Running concurrently with the UCLA Archive’s Borzage retrospective is a very different series entitled “Tell It Like It Is: Black Independents in New York, 1968-1986.” A number of provocative and illuminating selections have already been featured, and the last weeks of August are no different, bringing a trio of rarities to Los Angeles for long overdue presentations. A double bill on Aug. 21 pairs two early ‘80s titles: Will, by female director Jessie Maple, alongside Bill Gunn’s Personal Problems, both films which excavate the dark sides of professional and familial life. Closing the series on Aug. 23 is William Miles’ I Remember Harlem, a sweeping four-part, four-hour nonfiction portrait of the titular New York borough extending from its late 17th-century origins to its 20th-century racial uprisings.
JAZZ, NOIR, AND BEATNIKS AT CINEFAMILY | 611 N Fairfax Ave.
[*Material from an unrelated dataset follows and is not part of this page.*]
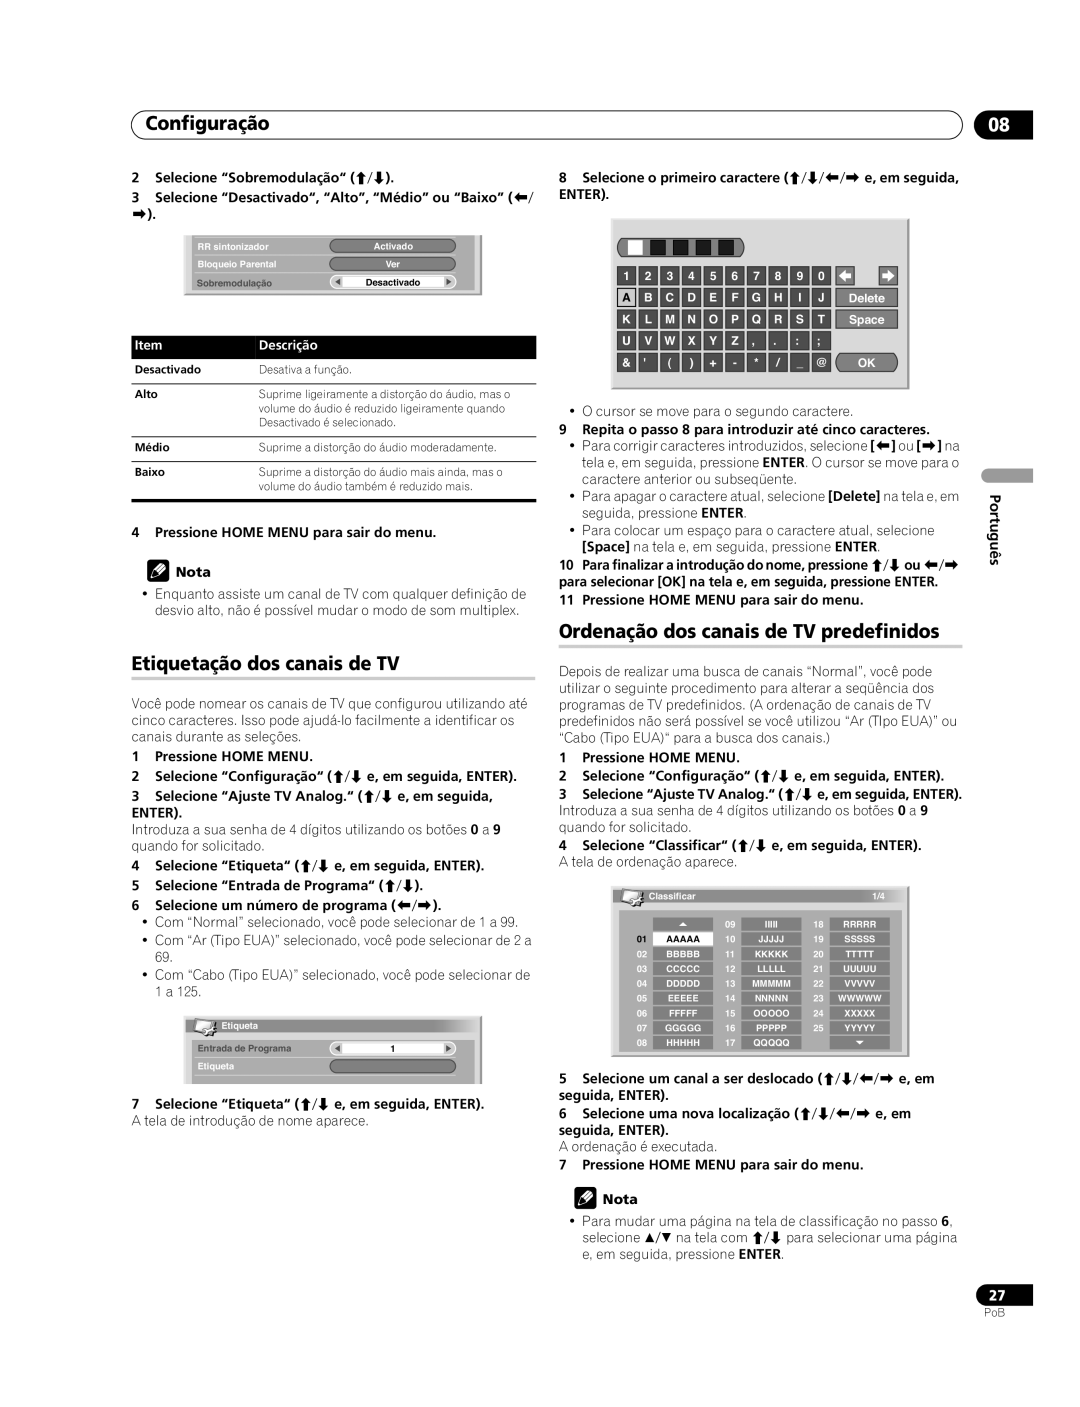 Pioneer PDP-507XG Configuração, Etiquetação dos canais de TV, Ordenação dos canais de TV predefinidos, Português, Alto

Cinefamily’s month-long “Pulp My Daisy: Jazz, Noir & Beatniks” series closes out August with three screenings of appropriately seductive and vulgar delights. On Aug. 16, the Belle Époque romantic tragedy Casque d’Or, by underrated French director Jacques Becker, is set to disarm with its mix of beauty and brutality. Meanwhile, successive Saturday matinees of underground legend Shirley Clarke’s jazz-laced, New York junkie drama The Connection (Aug. 22) and Allen Baron’s seminal, stylish crime thriller Blast of Silence (Aug. 29) will bring things to a most devastating conclusion.
CHAPLIN AND HITCHCOCK CLASSICS AT THE NEW BEVERLY | 7165 Beverly Blvd.
Along with its typical slate of cult and exploitation fare, the New Beverly Cinema continues to prove dedicated to highlighting films from the heyday of the Hollywood studio system. And a duo of remaining August double features are given over to perhaps the two most popular expatriate filmmakers of all time. First is Charlie Chaplin, whose iconic silent features The Circus and Modern Times will screen together on both Aug. 23 and 24. The following weekend is given over to Alfred Hitchcock, whose early American film Suspicion (starring Cary Grant and Joan Fontaine) and mid-’40s classic Notorious (co-starring Grant and Ingrid Bergman) will grace the marquee on Aug. 28 and Aug. 29.